By Rosemary Hattersley. Posted

Iceland is currently on standby for imminent eruptions, while Sicily’s Mount Etna gave off stunning emissions in late summer. However, most volcanic activity takes place in lesser-known, less touristy and often poorer nations, where preparations for a big blowout are far harder to facilitate. Furthermore, their remote locations can make installing equipment to track seismic activity an expensive challenge.

“UV cameras provide invaluable data for both monitoring and research,” explains University of Sheffield volcanologist Dr Thomas Wilkes, “but funding in volcanology, particularly for monitoring organisations, is often limited, prohibiting their widespread adoption.” For his PhD thesis, Tom set about designing low-cost ground-based remote sensing instruments using Raspberry Pi 3B+, having initially been attracted by the £20 Camera Module after a tip-off from a colleague (also called Tom). He read up on all things Raspberry Pi using our forums and online resources and was able to publish both his research paper and set up his first sulphur dioxide monitoring camera in 2016. Two images are taken – one in which UV light is absorbed and one where it isn’t. Overlaying the images reveals where sulphur dioxide – a corrosive, acidic gas –  is being emitted and in what quantity.

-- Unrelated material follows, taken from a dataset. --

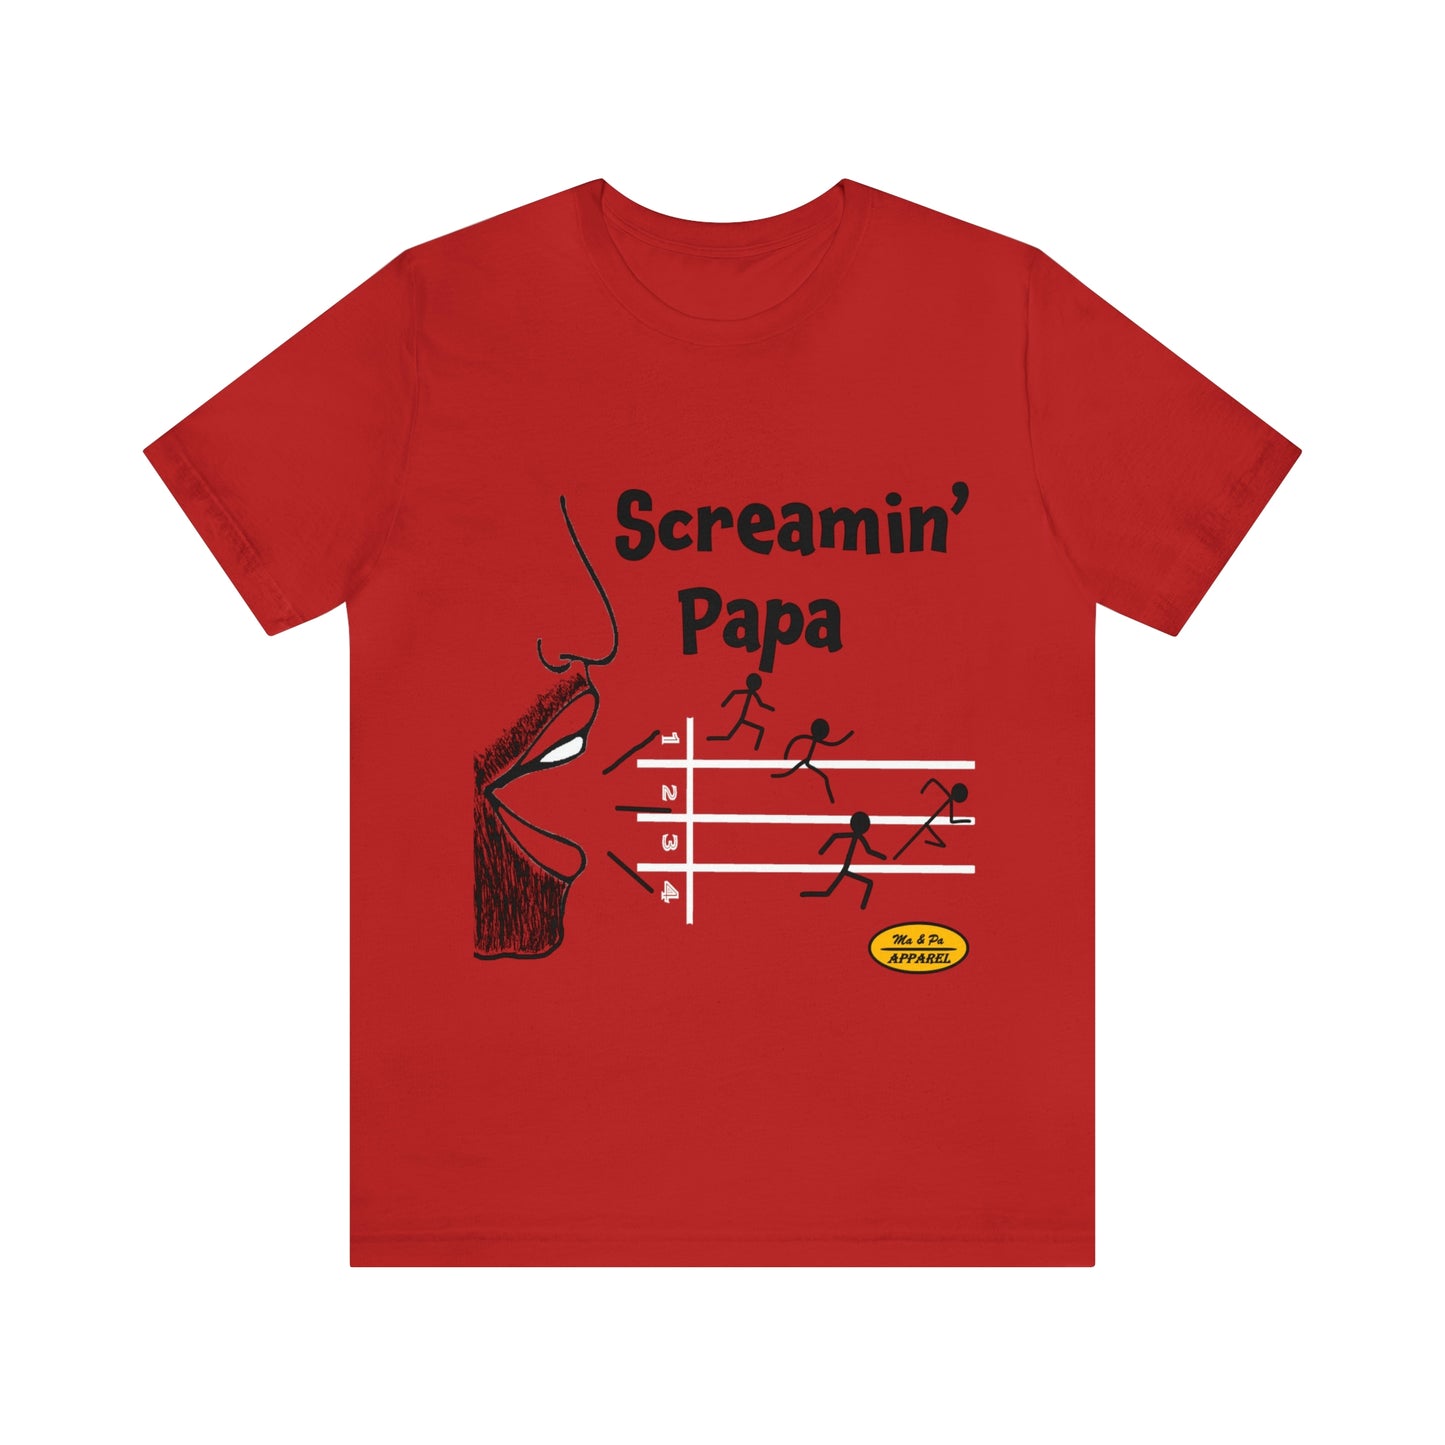 Screamin’ Papa Track Short Sleeve Tee

The two Toms continue to work together and are both members of Sheffield-based VolcanoTech. They aim to get more instruments onto volcanoes and acquire unprecedented long-term datasets that contribute to volcano research and monitoring. Designing and constructing low-cost scientific instrumentation is crucial for developing countries, where funding for equipment can be quite limited but where many of the world’s active volcanoes are located.

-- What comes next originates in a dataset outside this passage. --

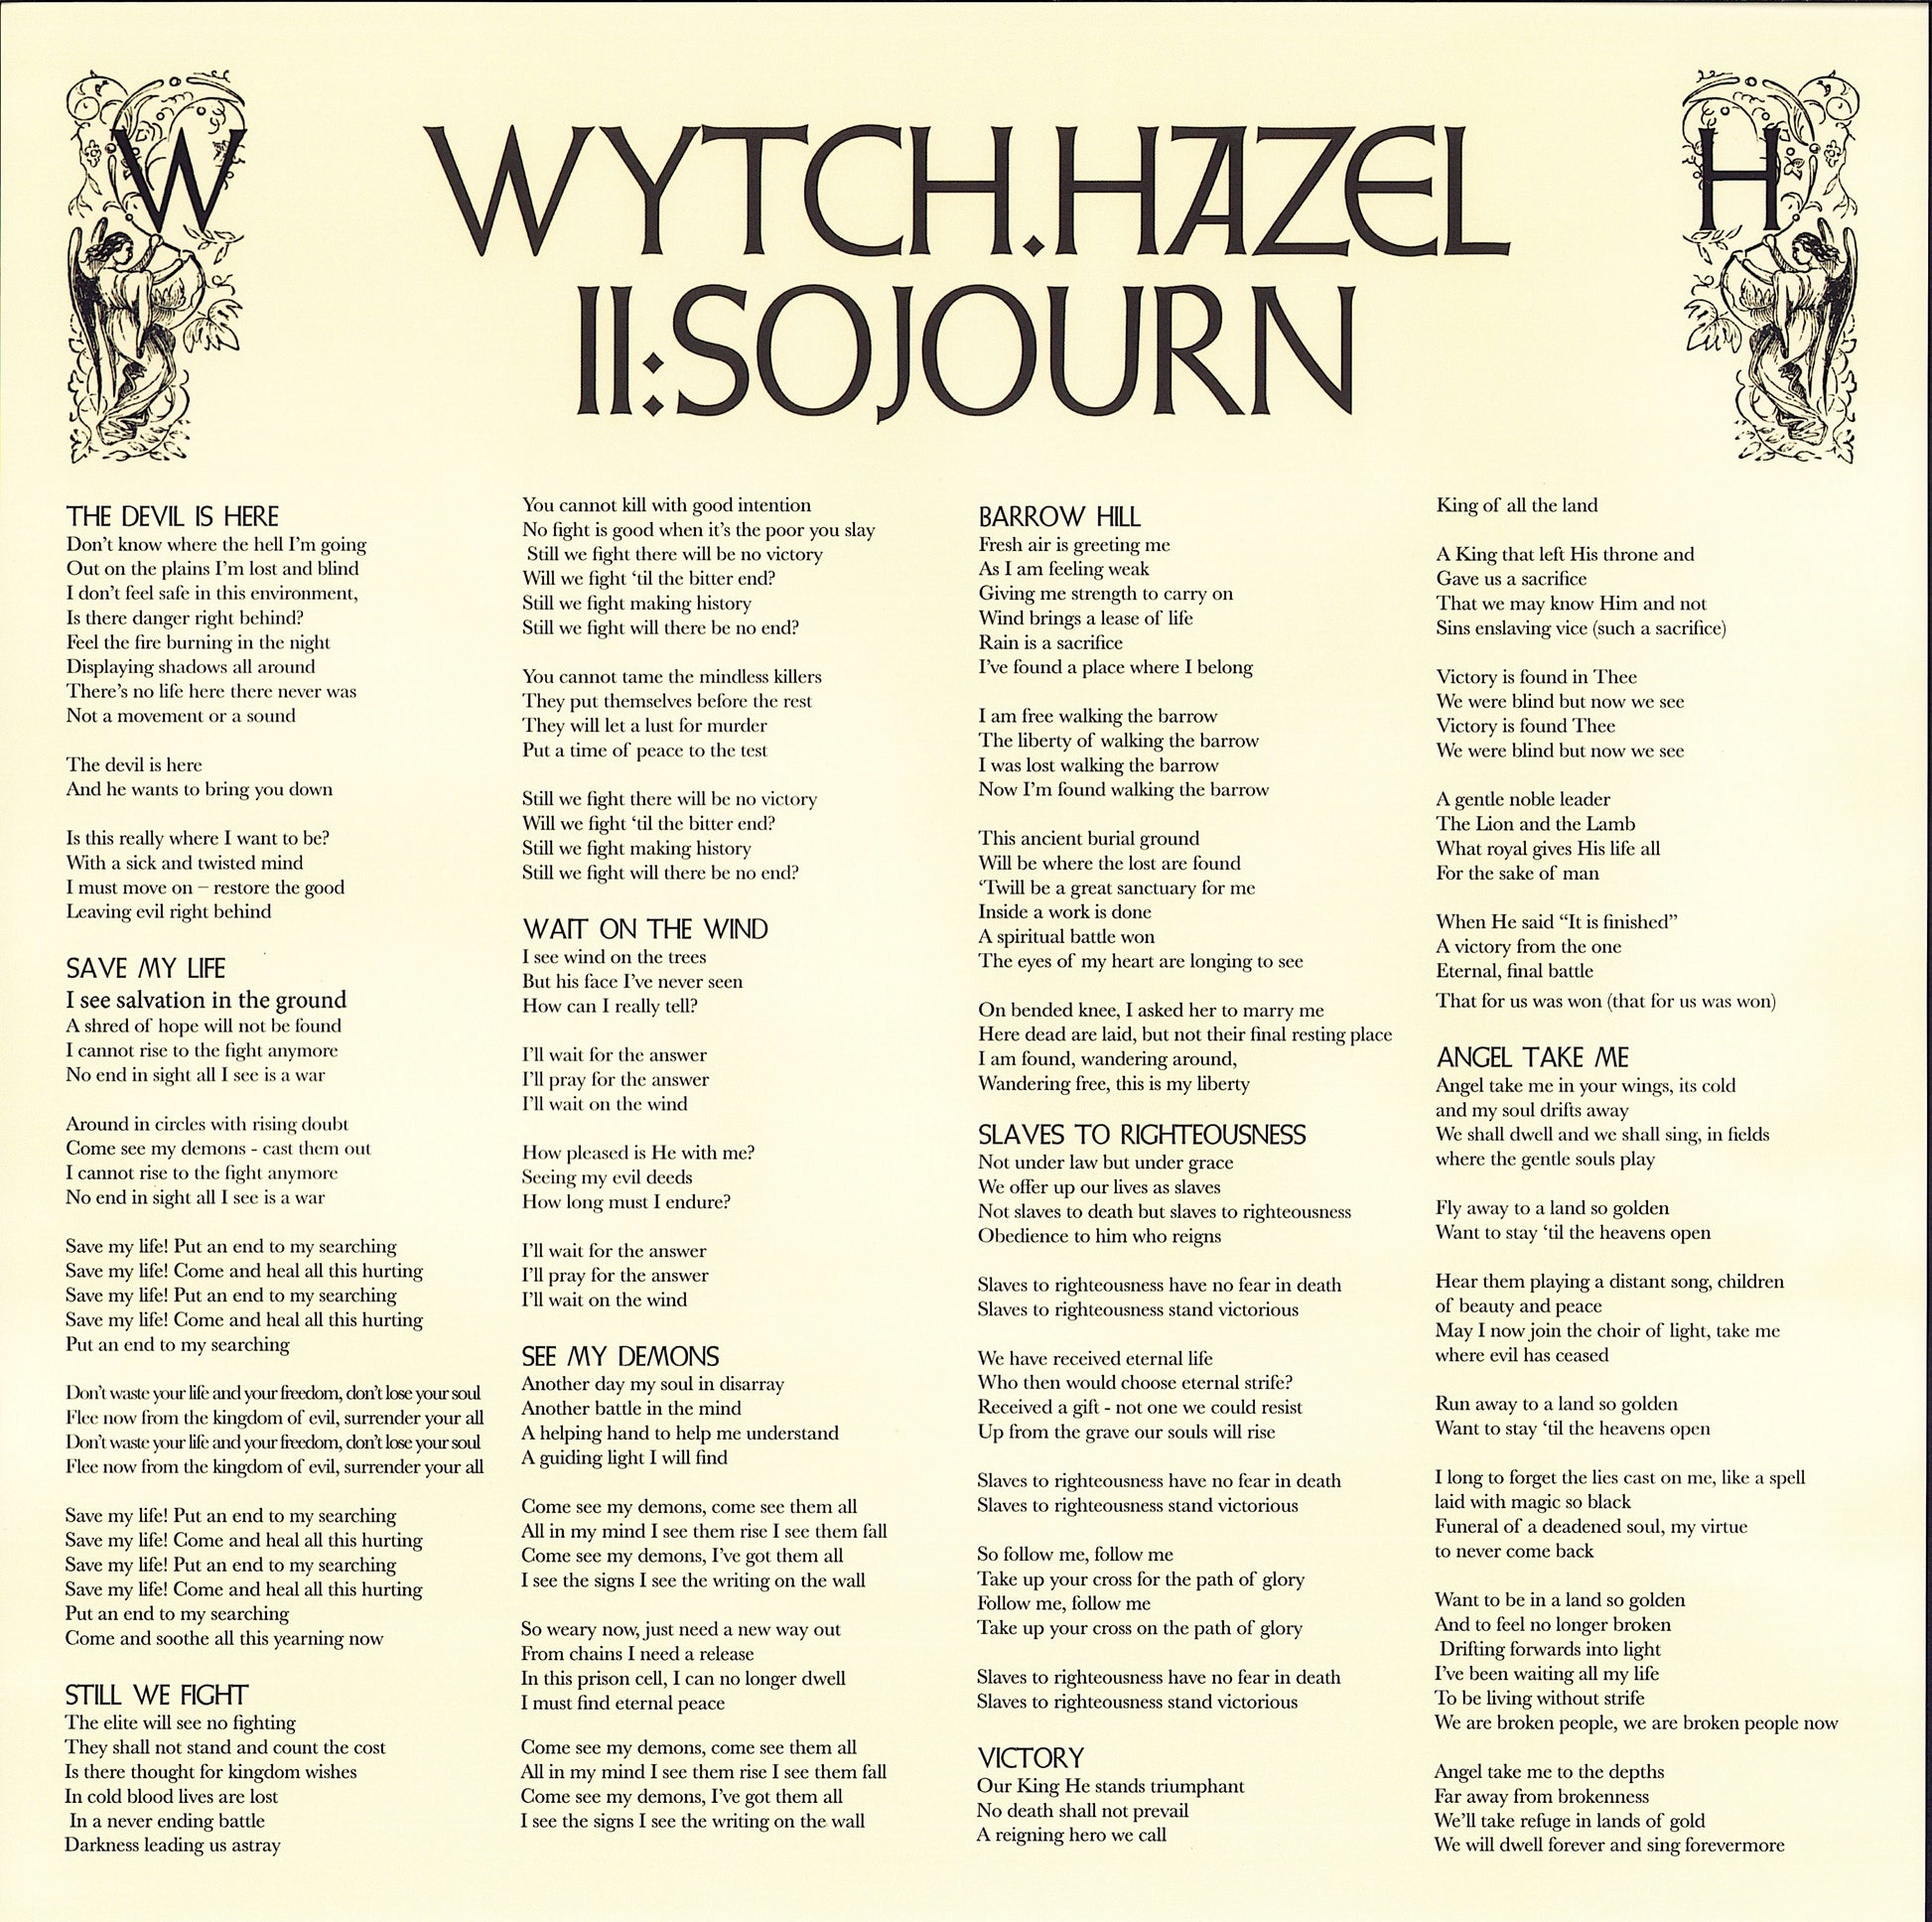 Wytch Hazel - II: Sojourn Beer Transparent Vinyl LP

This fully enclosed, Raspberry Pi 3B-based volcano monitoring system can be deployed in remote locations

Tell-tale signs

A volcano’s degassing behaviour changes before an eruption, often increasing or decreasing. Since sulphur dioxide is the gas most prevalent at active volcano sites, Tom focused on monitoring this using a UV camera. There were already scientific-grade UV cameras in the field in some locations, but they cost tens of thousands of pounds, whereas Tom aimed to develop a UV camera “an order of magnitude cheaper” and much smaller, making it suitable for permanent installation and remote reporting. Monitoring volcanoes often involves tracking how sulphur dioxide diverges from a baseline and then investigating those changes. Tom’s system uses the Beer-Lambert law of absorption, comparing the optical depth of plume pixels in an image to the background sky radiance.

The sulphur dioxide volcano-monitoring kits have a 28 × 21 in field of view with optical depths calibrated by a co-aligned spectrometer

Tom and his colleagues didn’t know much about Raspberry Pi at the outset, “which made the detailed knowledge and wealth of experimentation by others invaluable when it came to asking specific questions or pulling ideas from pre-existing threads.” A particularly fruitful discovery was a YouTube video by Les Wright which simplified the process of removing the Bayer filter from the camera lens to enhance its sensitivity to ultraviolet light. This worked well for a Raspberry Pi Camera 1.3, but Tom reports that he was unable to remove the Bayer filter in the same way for the newer Raspberry Pi Camera Module. The process in any case requires a fume cupboard and dangerous chemicals (see ‘Warning’ box). Tom originally made use of the UV camera in a spectrometer he used for sulphur dioxide monitoring. Although this worked well, he subsequently decided to focus on the camera-based system.

How predictable

Having created an affordable alternative to the £10,000 scientific cameras, Tom has been working on modifying the camera design so they can be deployed permanently on volcanoes, without the need for human interaction. To date, only Stromboli in the Aeolian Islands, and Etna just to the south, have fixed monitoring. “We are now beginning to build high time-resolution sulphur dioxide emission rate datasets from several volcanoes, the likes of which are quite rare in volcanology,” he says.

Optical depth image captured at Lascar volcano near Buenos Aires with a control rectangle of clear sky

Getting the cameras installed on hazardous volcanoes is no mean feat! Using a Starlink satellite connection has helped them overcome the major issue of handling and processing the terabytes of data each camera acquires each year, as well as partially solving issues relating to debugging camera installations remotely. With cameras in the Amazon rainforest as well as the Atacama desert, temperature extremes and huge amounts of rainfall add to the challenges. However, once in place, they’ll give volcanologists significantly improved monitoring capabilities that contribute to longer-term volcanological research – an increasingly critical aspect of their work “since a volcano can exhibit significant changes in activity over a wide range of time scales.